## Data in this exercise
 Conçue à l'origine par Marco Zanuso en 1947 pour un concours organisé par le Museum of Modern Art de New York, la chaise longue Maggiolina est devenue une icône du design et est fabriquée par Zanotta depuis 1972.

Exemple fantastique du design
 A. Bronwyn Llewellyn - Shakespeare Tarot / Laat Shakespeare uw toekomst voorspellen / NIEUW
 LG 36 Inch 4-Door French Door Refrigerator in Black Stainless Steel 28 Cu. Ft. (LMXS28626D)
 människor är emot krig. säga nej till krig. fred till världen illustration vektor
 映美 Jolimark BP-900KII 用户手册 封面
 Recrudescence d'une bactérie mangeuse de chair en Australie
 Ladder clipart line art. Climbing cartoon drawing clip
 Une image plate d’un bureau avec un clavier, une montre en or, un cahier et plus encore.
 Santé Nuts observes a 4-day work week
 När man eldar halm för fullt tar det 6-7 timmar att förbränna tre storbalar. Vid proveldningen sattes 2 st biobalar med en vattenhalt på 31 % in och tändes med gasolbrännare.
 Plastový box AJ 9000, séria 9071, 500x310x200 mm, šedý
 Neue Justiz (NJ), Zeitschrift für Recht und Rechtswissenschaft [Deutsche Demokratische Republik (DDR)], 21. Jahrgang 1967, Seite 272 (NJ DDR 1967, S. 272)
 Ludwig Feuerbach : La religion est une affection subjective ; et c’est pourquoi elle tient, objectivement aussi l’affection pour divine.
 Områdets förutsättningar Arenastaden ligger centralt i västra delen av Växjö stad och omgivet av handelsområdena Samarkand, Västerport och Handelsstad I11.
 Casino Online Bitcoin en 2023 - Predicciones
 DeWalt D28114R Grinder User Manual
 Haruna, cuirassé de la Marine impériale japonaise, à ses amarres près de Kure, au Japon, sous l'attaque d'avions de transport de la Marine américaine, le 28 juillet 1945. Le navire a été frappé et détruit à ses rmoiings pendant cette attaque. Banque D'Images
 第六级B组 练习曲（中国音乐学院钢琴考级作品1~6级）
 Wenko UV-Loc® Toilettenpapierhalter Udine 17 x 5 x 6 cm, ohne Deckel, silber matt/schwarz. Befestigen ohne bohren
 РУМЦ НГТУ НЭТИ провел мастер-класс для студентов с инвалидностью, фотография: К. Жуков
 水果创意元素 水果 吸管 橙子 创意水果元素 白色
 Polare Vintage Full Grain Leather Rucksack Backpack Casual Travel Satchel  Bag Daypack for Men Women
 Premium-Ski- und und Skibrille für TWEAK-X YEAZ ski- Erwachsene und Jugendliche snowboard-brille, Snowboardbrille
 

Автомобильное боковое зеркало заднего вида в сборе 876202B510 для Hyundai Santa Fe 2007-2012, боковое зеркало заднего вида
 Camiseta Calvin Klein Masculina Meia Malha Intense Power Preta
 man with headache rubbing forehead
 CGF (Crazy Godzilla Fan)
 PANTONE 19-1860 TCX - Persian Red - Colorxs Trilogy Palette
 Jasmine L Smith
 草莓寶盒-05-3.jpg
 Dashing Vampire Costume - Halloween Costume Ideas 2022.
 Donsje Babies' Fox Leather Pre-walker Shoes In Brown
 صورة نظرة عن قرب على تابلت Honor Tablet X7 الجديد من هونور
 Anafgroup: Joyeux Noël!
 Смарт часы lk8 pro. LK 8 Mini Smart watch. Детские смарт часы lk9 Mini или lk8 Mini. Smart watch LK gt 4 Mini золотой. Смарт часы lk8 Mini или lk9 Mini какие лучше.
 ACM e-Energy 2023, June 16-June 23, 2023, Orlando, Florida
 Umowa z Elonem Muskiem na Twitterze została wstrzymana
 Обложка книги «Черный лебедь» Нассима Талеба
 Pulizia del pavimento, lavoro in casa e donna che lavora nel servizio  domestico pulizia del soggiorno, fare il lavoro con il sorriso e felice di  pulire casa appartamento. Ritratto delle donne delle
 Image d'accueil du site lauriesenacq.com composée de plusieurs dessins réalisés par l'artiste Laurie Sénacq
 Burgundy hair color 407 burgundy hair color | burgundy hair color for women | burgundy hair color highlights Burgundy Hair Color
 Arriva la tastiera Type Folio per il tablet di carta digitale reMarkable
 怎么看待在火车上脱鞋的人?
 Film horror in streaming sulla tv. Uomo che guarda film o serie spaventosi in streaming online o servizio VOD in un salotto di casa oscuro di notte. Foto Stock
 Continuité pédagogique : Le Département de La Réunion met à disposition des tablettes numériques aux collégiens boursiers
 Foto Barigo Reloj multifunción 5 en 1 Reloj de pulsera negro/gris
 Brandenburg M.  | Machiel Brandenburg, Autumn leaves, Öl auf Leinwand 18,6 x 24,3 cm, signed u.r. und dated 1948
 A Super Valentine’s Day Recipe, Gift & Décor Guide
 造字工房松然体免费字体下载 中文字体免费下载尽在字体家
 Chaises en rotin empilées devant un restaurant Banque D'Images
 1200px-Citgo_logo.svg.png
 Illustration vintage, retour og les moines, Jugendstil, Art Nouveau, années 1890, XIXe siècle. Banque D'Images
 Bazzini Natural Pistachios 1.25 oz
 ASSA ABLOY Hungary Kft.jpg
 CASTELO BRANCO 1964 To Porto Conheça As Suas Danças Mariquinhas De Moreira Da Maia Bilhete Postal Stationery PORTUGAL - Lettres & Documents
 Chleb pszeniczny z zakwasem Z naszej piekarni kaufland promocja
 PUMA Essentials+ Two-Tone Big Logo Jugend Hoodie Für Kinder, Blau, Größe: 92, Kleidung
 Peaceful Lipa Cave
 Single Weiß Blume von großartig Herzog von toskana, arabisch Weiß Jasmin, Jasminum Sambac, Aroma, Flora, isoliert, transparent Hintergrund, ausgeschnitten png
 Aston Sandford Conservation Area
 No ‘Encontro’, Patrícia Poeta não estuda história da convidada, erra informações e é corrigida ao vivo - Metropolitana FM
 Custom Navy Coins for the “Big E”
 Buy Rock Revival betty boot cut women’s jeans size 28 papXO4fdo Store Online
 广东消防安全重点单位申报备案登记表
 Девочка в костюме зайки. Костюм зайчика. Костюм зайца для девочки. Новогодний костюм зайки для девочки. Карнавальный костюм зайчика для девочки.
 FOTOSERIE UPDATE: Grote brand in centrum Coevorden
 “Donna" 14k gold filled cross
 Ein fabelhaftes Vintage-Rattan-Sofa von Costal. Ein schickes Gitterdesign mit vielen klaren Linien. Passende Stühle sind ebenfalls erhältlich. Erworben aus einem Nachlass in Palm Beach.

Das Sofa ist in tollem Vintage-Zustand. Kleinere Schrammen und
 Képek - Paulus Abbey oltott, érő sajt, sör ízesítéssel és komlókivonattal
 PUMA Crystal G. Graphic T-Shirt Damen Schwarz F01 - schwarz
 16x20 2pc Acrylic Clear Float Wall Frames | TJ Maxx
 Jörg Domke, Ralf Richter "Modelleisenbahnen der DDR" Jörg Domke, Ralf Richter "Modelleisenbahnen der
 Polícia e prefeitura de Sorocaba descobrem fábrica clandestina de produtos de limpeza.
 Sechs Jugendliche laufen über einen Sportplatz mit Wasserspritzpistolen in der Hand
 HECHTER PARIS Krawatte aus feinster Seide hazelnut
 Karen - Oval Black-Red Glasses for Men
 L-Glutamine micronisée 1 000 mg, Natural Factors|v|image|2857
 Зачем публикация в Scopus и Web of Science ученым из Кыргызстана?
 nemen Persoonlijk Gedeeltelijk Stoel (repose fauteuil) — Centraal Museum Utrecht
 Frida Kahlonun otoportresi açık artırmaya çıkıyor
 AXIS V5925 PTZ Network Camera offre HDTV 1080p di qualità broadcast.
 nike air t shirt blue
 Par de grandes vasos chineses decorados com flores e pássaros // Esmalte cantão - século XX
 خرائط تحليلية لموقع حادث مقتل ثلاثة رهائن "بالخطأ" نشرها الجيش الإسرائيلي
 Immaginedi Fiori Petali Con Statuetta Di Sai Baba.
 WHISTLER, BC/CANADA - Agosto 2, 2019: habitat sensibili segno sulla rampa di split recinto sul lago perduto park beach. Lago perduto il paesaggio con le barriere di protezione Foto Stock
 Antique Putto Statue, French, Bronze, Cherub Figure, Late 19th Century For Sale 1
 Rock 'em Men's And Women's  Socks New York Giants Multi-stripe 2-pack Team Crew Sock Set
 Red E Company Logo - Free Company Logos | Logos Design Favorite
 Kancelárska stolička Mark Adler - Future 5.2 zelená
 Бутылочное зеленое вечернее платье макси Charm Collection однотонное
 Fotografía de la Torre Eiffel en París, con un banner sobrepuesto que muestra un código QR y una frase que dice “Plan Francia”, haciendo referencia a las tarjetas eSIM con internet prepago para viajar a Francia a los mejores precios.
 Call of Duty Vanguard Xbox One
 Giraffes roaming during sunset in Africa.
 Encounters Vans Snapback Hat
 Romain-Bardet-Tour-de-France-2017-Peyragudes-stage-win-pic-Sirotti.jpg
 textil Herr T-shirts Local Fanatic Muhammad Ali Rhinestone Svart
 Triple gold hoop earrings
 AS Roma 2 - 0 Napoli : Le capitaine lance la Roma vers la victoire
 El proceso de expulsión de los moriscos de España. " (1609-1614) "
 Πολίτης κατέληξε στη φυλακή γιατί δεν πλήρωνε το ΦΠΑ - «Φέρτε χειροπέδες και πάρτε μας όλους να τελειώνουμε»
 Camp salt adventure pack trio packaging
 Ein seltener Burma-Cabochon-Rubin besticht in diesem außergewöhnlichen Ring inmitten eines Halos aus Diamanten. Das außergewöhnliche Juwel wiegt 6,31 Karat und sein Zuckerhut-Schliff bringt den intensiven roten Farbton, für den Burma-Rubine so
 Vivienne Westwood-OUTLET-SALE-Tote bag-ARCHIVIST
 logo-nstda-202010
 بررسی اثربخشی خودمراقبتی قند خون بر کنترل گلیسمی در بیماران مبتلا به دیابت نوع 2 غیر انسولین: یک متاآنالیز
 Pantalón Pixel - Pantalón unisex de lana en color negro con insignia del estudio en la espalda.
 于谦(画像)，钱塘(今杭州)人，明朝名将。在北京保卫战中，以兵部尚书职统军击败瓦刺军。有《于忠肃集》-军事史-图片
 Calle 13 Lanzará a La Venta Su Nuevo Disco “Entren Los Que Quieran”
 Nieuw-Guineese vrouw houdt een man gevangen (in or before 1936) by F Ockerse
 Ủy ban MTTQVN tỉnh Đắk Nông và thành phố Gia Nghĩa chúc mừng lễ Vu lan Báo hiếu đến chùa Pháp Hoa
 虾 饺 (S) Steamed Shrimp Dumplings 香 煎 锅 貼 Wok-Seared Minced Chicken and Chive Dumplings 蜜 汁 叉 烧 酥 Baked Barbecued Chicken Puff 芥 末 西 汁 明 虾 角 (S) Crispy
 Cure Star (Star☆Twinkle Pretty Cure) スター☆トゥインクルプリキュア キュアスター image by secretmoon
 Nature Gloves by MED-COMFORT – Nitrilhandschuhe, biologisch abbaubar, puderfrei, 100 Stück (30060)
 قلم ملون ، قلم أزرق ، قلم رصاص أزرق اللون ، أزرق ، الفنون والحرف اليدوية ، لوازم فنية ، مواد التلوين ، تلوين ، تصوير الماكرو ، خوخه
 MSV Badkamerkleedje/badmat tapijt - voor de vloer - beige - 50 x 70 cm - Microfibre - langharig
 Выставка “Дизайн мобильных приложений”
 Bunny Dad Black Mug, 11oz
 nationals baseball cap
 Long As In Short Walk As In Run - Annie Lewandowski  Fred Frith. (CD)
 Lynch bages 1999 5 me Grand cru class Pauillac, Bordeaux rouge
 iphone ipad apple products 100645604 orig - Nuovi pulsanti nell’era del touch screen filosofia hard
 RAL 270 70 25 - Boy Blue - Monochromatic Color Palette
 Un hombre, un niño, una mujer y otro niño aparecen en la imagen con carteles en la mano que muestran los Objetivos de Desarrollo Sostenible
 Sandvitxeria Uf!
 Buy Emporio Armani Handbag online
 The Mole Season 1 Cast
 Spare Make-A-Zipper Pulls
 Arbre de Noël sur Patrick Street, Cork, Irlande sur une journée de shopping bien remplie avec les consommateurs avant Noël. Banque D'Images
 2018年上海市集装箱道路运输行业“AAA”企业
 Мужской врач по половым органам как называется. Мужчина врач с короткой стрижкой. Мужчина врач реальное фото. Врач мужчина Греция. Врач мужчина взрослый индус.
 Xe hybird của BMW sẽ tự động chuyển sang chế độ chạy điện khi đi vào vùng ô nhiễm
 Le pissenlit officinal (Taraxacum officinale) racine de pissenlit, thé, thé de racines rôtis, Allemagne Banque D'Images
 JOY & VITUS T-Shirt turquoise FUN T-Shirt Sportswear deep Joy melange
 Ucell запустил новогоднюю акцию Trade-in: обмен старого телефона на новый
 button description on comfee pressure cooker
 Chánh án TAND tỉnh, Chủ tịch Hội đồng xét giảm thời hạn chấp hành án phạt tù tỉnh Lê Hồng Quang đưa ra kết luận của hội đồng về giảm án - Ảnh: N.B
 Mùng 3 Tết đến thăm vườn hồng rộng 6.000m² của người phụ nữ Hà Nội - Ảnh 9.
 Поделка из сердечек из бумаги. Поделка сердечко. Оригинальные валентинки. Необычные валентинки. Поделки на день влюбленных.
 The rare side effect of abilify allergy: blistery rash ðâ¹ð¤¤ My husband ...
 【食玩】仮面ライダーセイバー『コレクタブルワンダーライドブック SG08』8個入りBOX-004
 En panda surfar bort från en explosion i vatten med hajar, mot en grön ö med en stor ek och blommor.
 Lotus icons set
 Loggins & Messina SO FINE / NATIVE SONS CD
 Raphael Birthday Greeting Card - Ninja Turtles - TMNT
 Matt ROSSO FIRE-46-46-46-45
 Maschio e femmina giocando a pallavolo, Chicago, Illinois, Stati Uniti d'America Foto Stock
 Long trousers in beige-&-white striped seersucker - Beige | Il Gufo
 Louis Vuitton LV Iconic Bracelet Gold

## Exercise description
Once the line with "Triple gold hoop earrings" is found in the records above, print exactly that line and every line after it through the line with "Ein seltener Burma-Cabochon-Rubin".

## Task response
 Triple gold hoop earrings
 AS Roma 2 - 0 Napoli : Le capitaine lance la Roma vers la victoire
 El proceso de expulsión de los moriscos de España. " (1609-1614) "
 Πολίτης κατέληξε στη φυλακή γιατί δεν πλήρωνε το ΦΠΑ - «Φέρτε χειροπέδες και πάρτε μας όλους να τελειώνουμε»
 Camp salt adventure pack trio packaging
 Ein seltener Burma-Cabochon-Rubin besticht in diesem außergewöhnlichen Ring inmitten eines Halos aus Diamanten. Das außergewöhnliche Juwel wiegt 6,31 Karat und sein Zuckerhut-Schliff bringt den intensiven roten Farbton, für den Burma-Rubine so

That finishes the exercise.